What is needed ->
The lines needed run from the one that contains "Dutch Baby Pancake - Jo Cooks" through the end of the material below, both included; write them out exactly, with no pictures.

Information shown ->

________

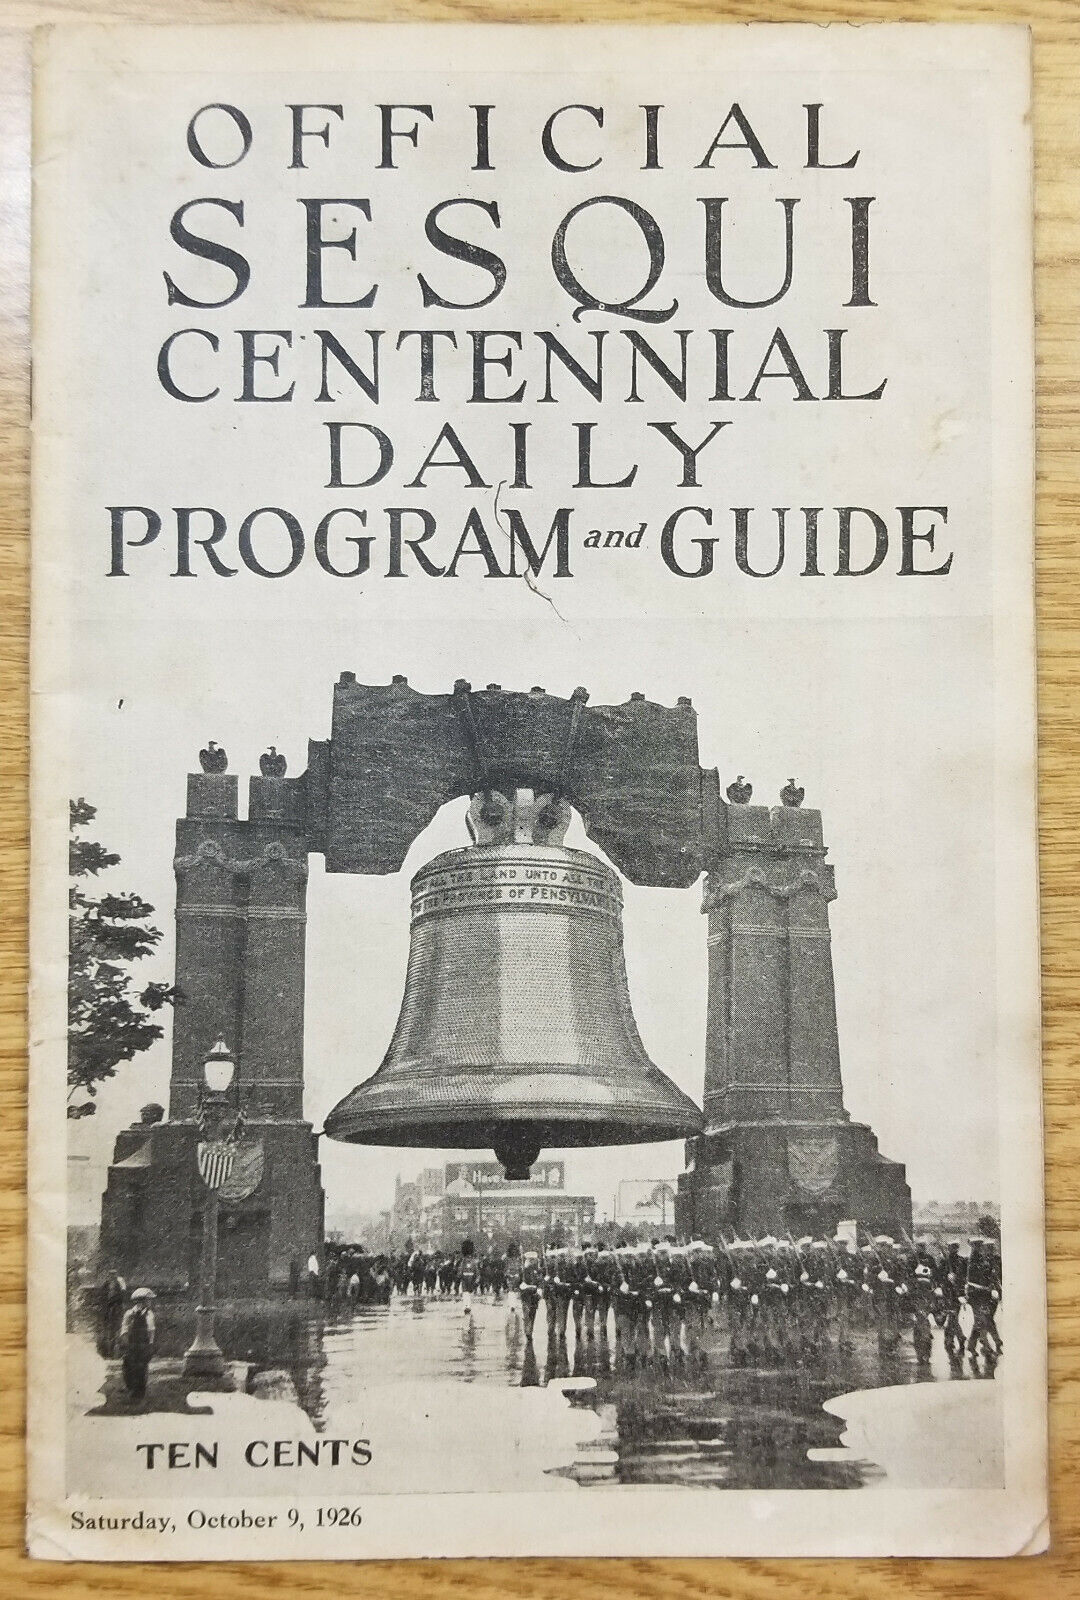 Official Sesquicentennial Daily Program & Guide 10/9/26 Philadelphia vintage ads
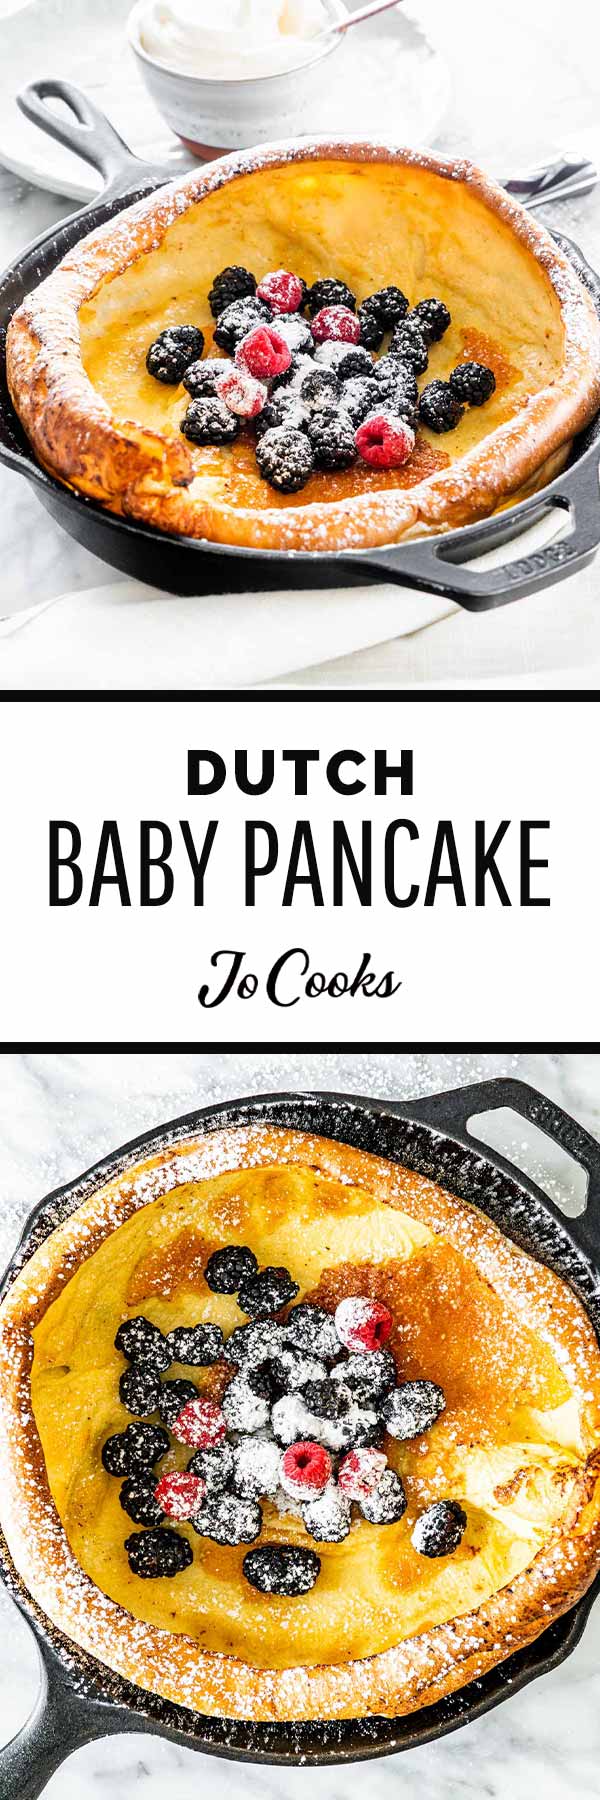 Dutch Baby Pancake - Jo Cooks
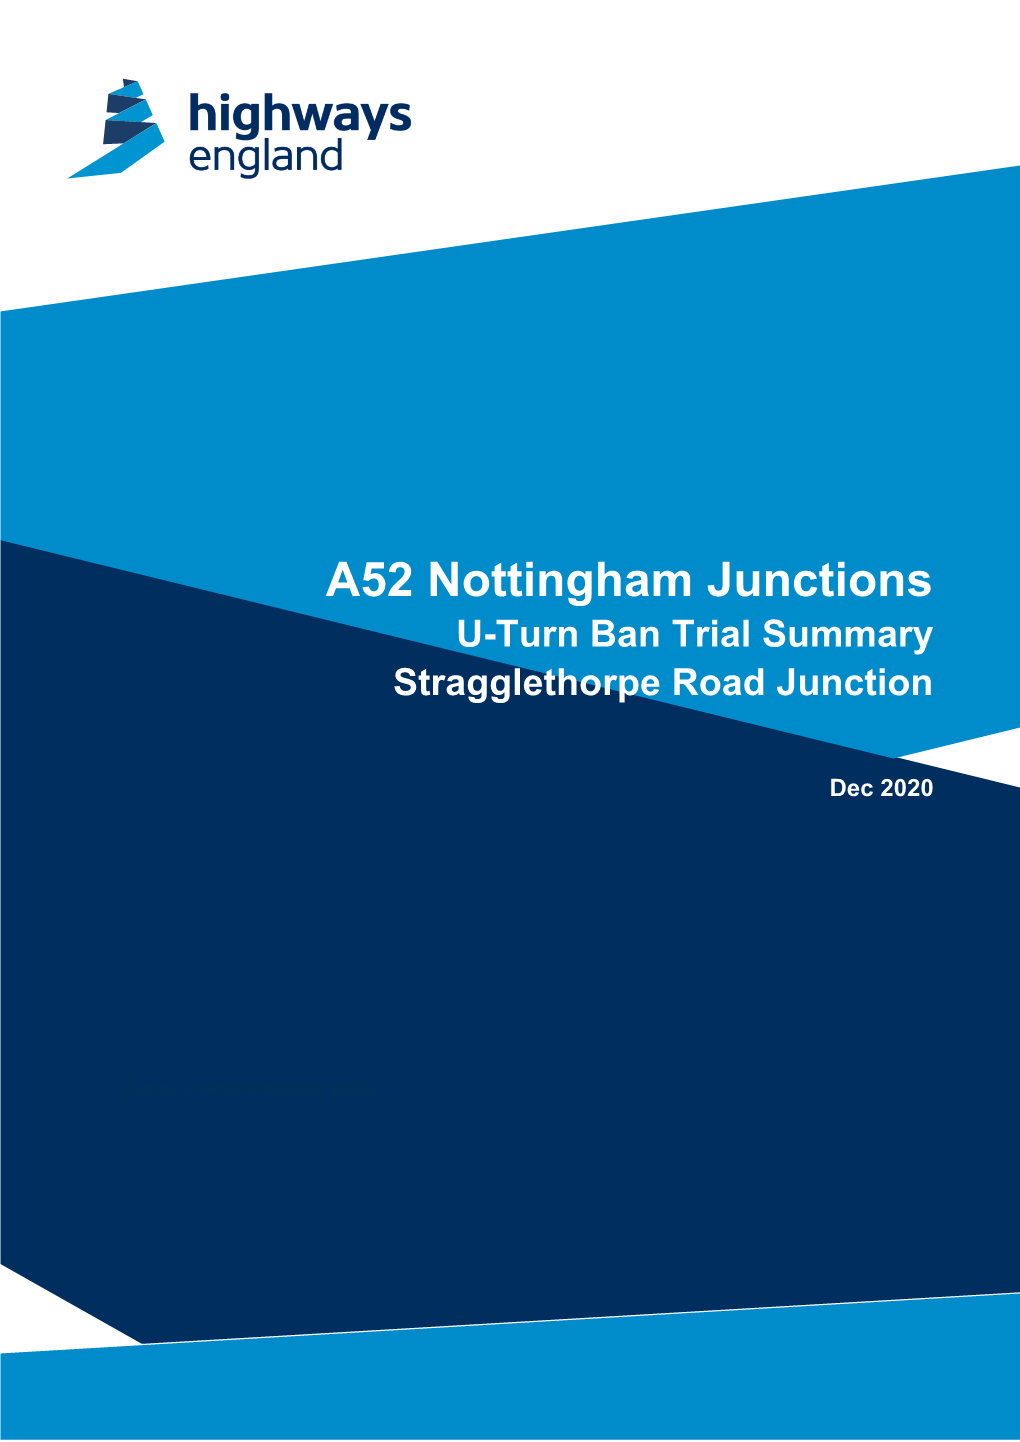 U-Turn Ban Trial Summary Stragglethorpe Road Junction
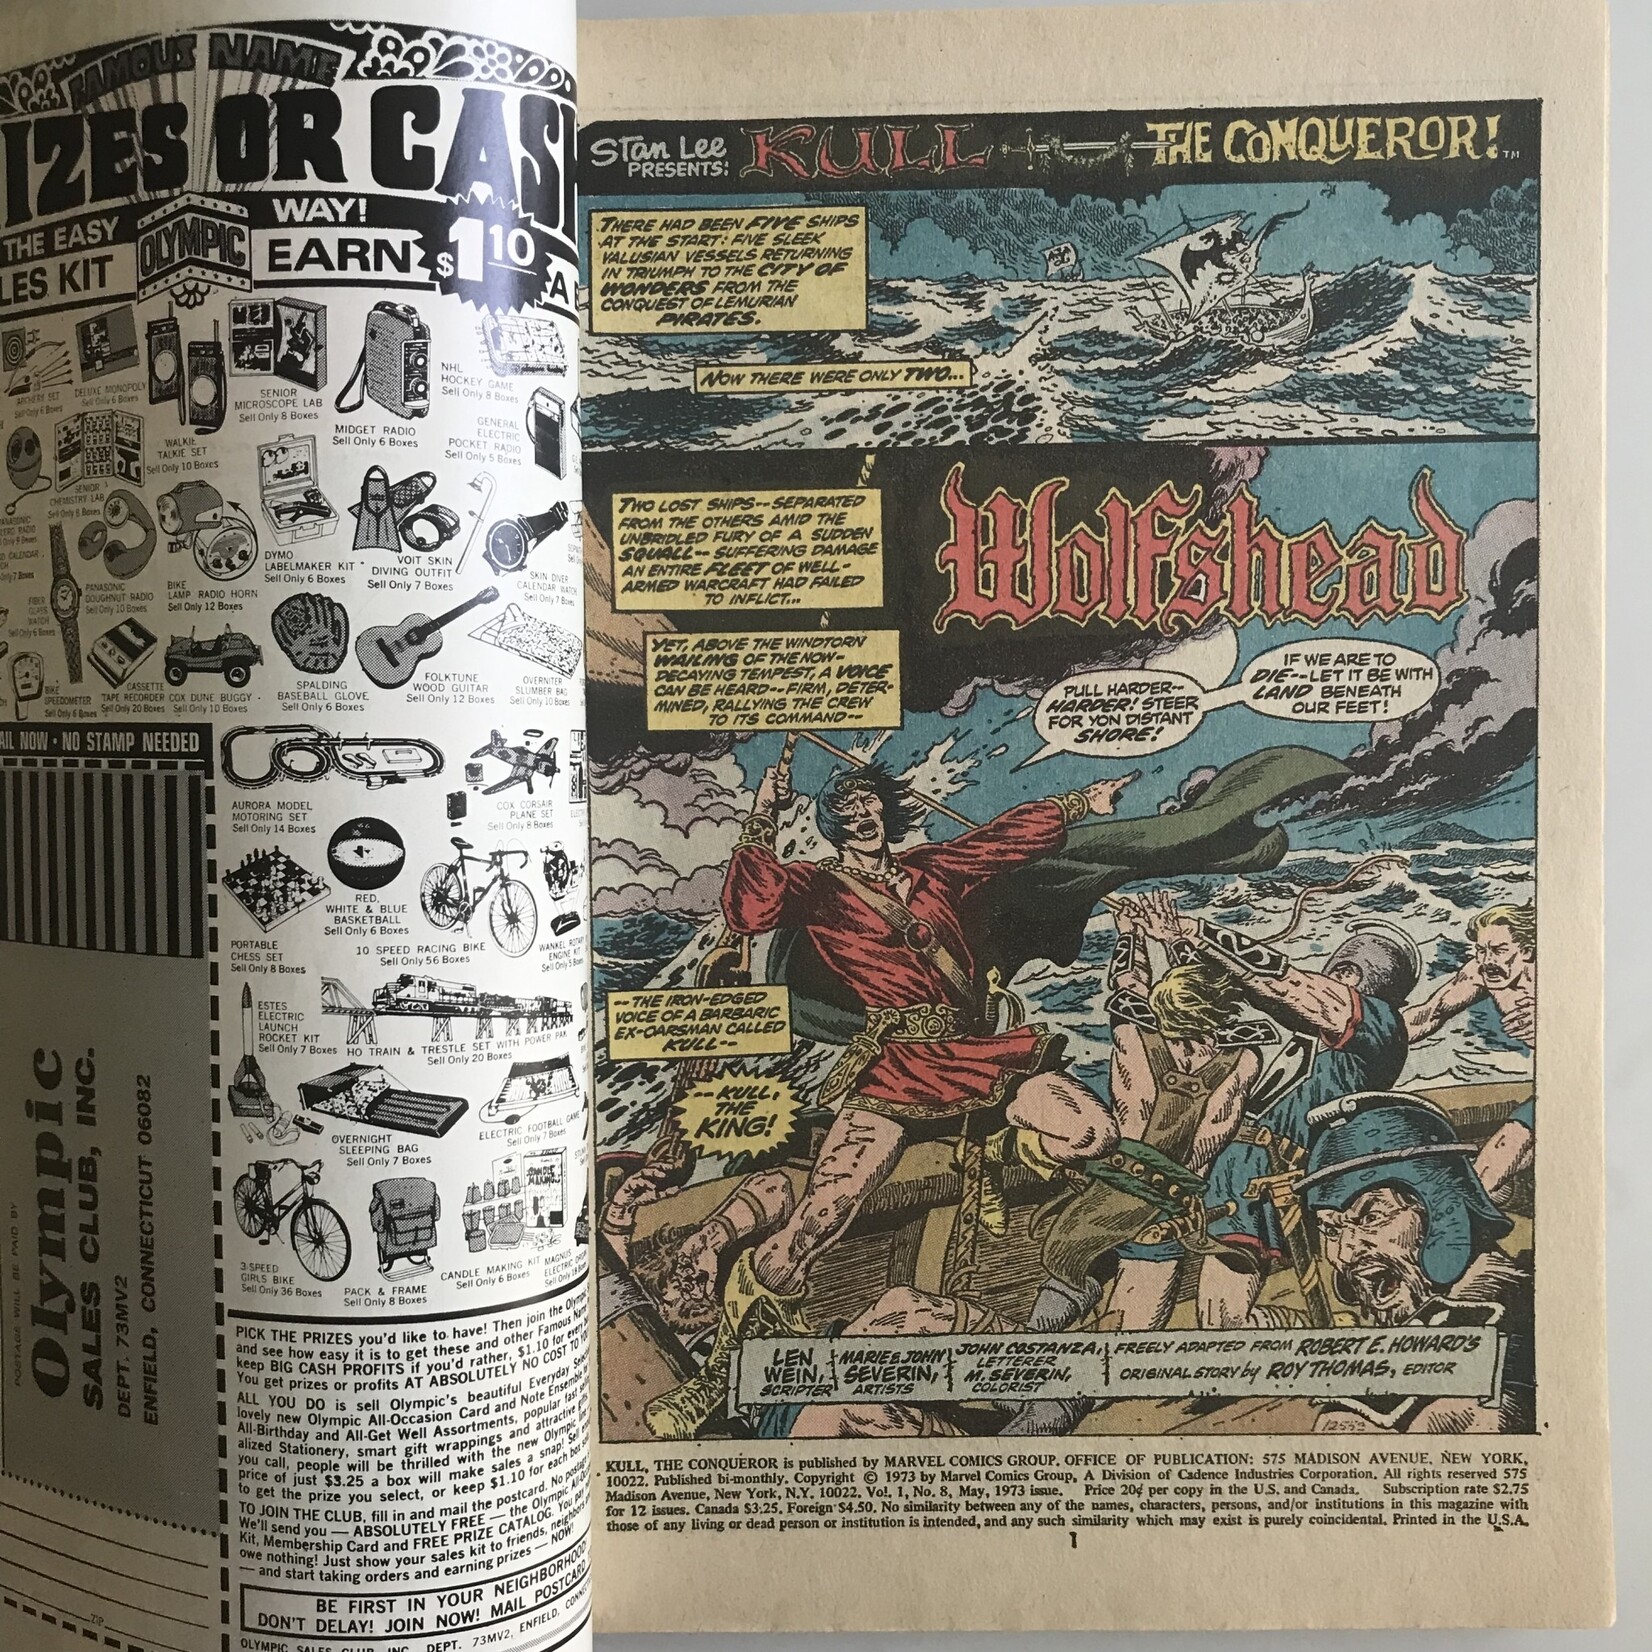 Kull The Conqueror - Vol. 1 #08 May 1973 - Comic Book

________

Result ->
 Dutch Baby Pancake - Jo Cooks
 U-Turn Ban Trial Summary Stragglethorpe Road Junction
 Kull The Conqueror - Vol. 1 #08 May 1973 - Comic Book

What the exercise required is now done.